- _TASK BRIEF_
Beginning with the line below that contains "La DGT intensificará" and ending with the line that contains "Wijnmaker kijkt bovenop", retype every line exactly. Pictures are not copied.

- _INFORMATION GIVEN_
══════════════════════════════

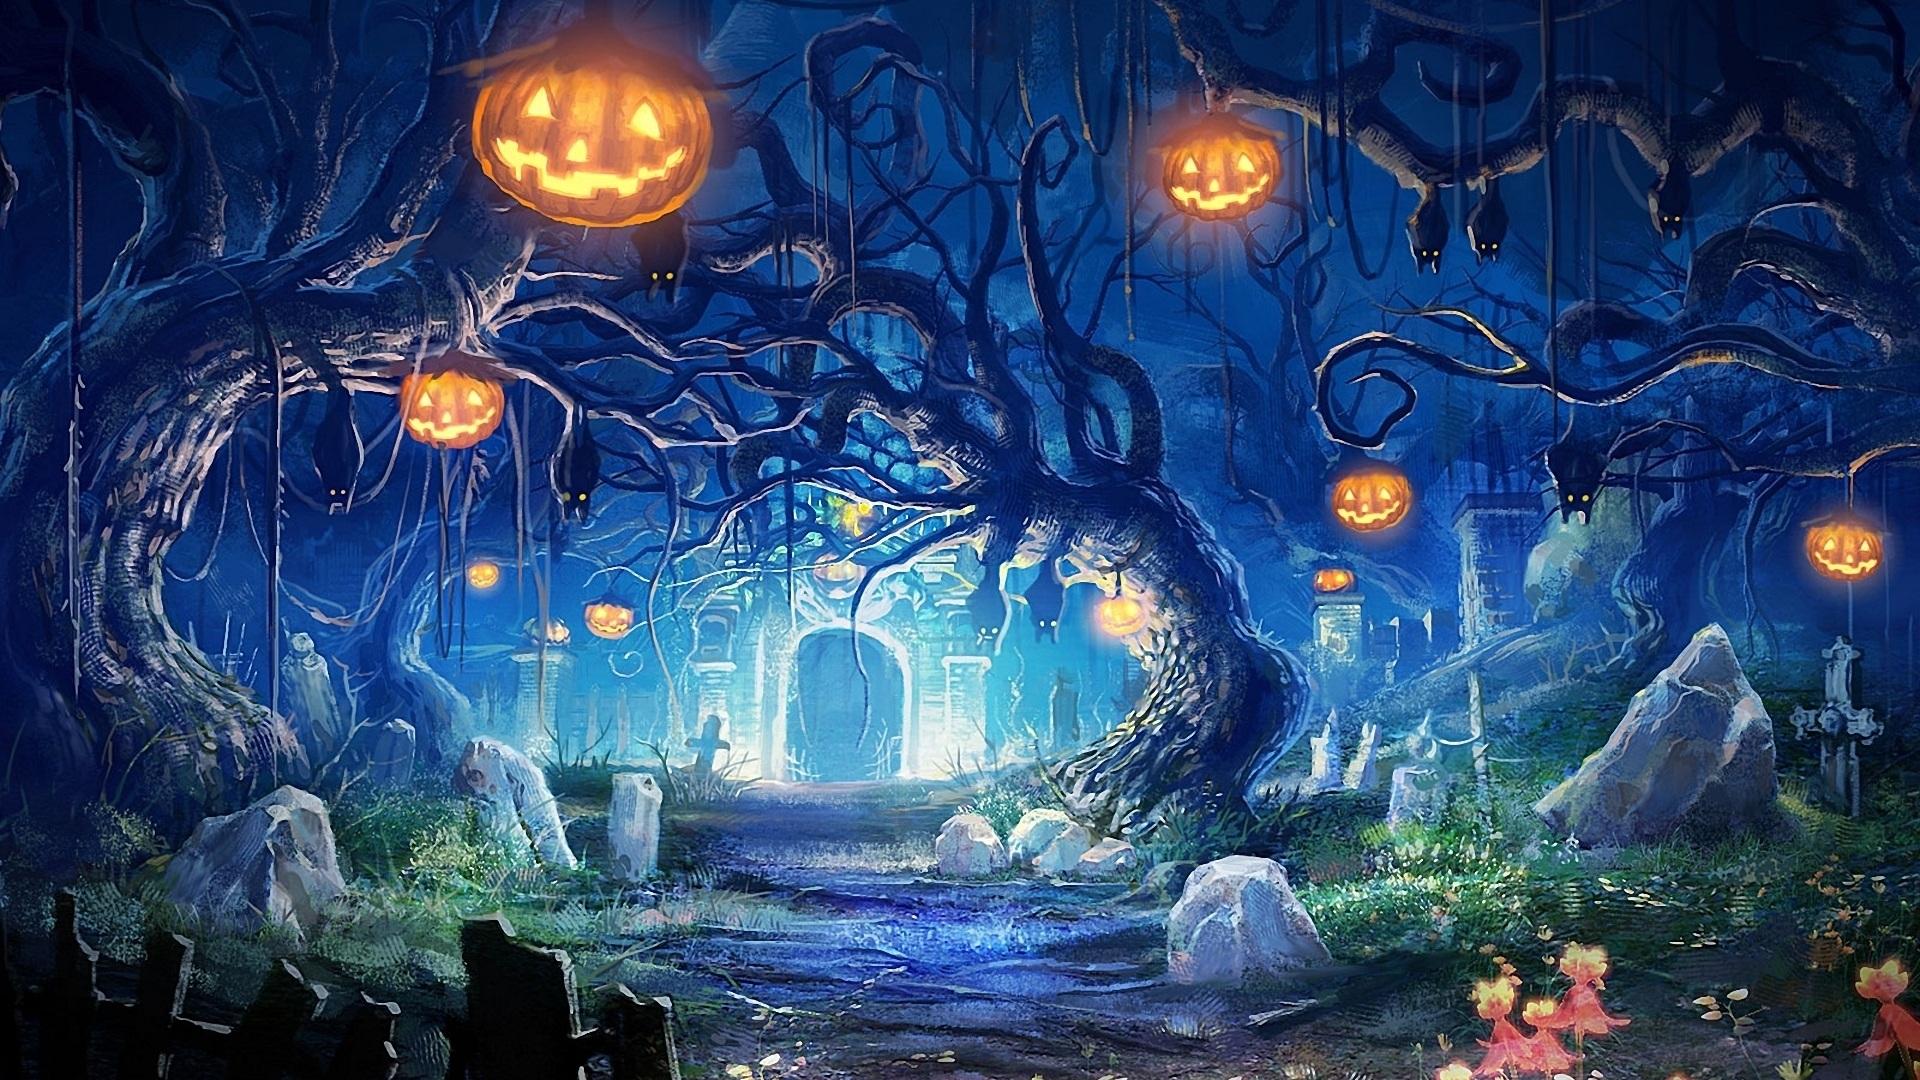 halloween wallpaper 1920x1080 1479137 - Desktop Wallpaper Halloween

══════════════════════════════

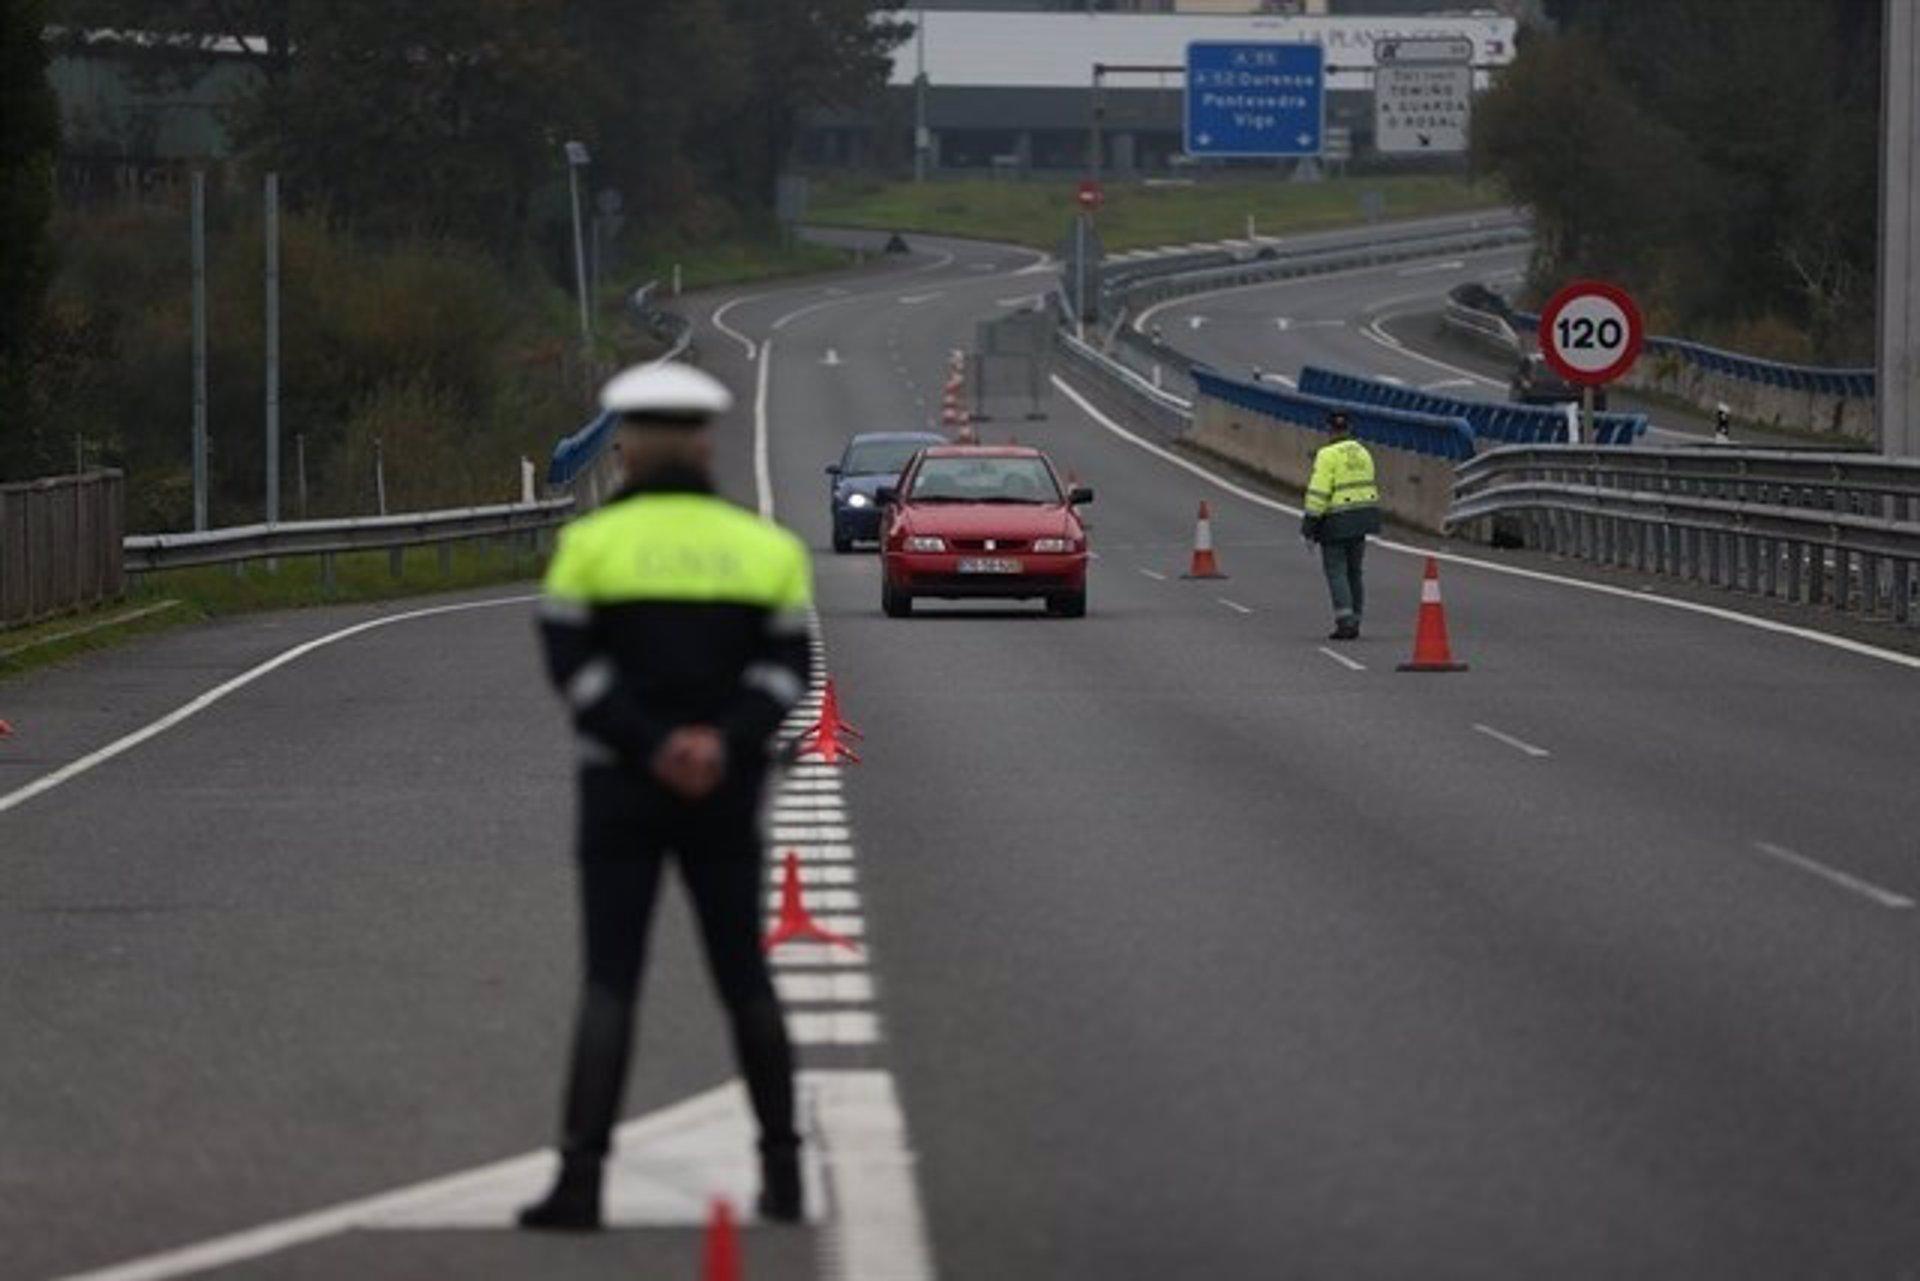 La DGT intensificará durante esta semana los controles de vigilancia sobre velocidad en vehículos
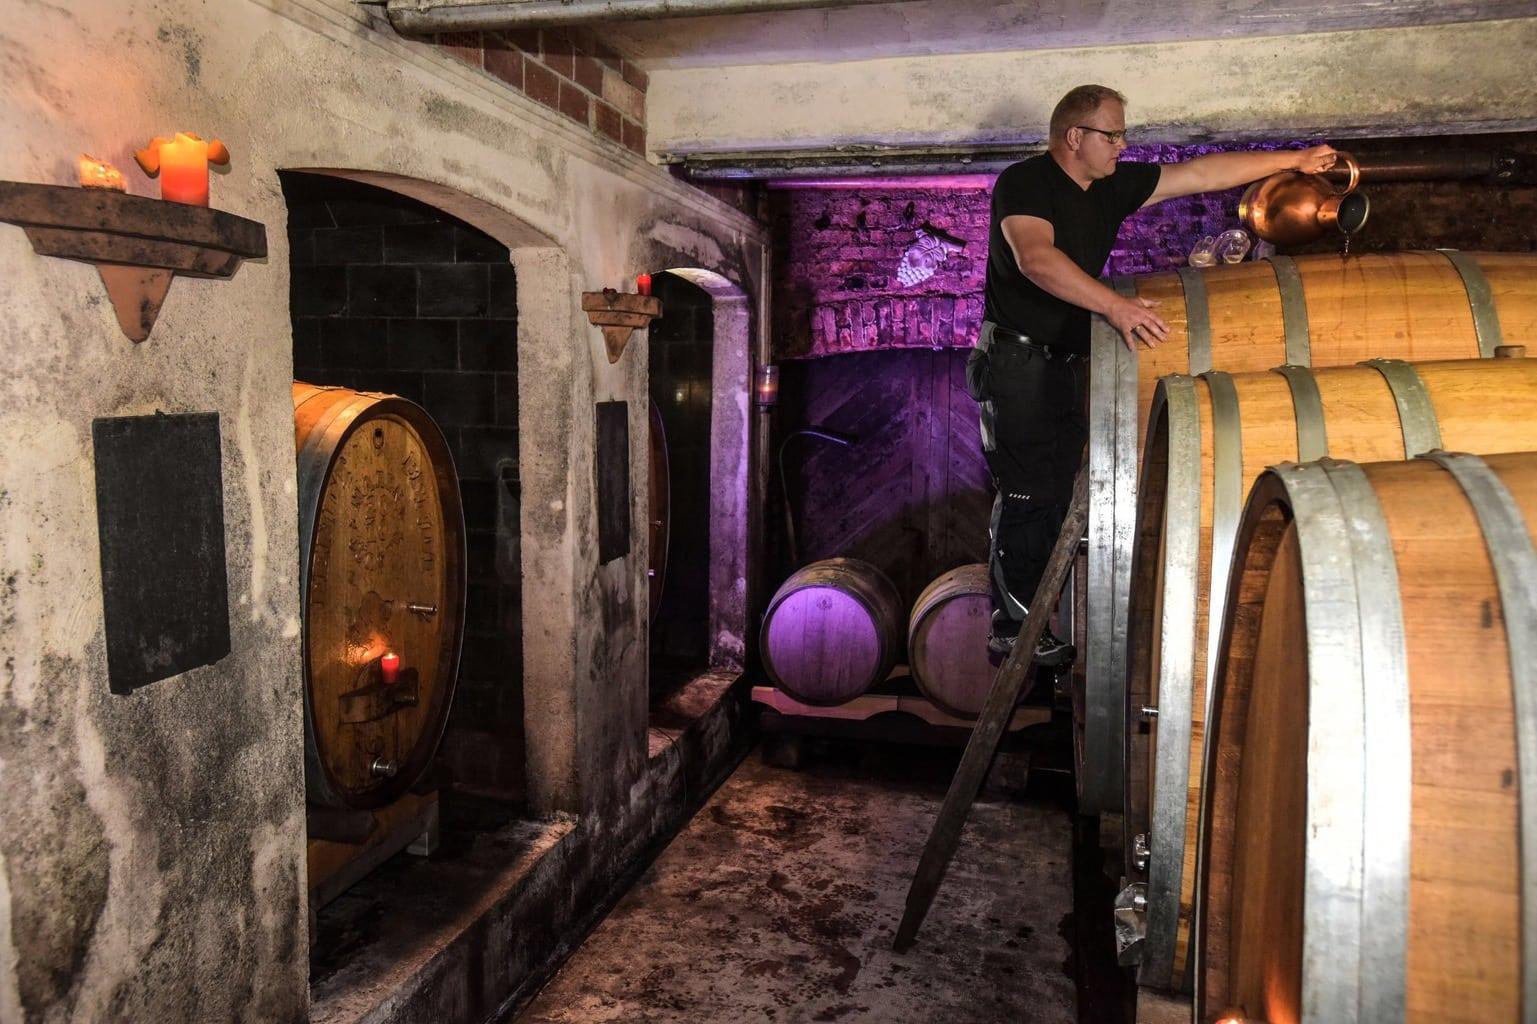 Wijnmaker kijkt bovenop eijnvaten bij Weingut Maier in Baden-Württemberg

══════════════════════════════

- _RESPONSE TO THE TASK_
 La DGT intensificará durante esta semana los controles de vigilancia sobre velocidad en vehículos
 Wijnmaker kijkt bovenop eijnvaten bij Weingut Maier in Baden-Württemberg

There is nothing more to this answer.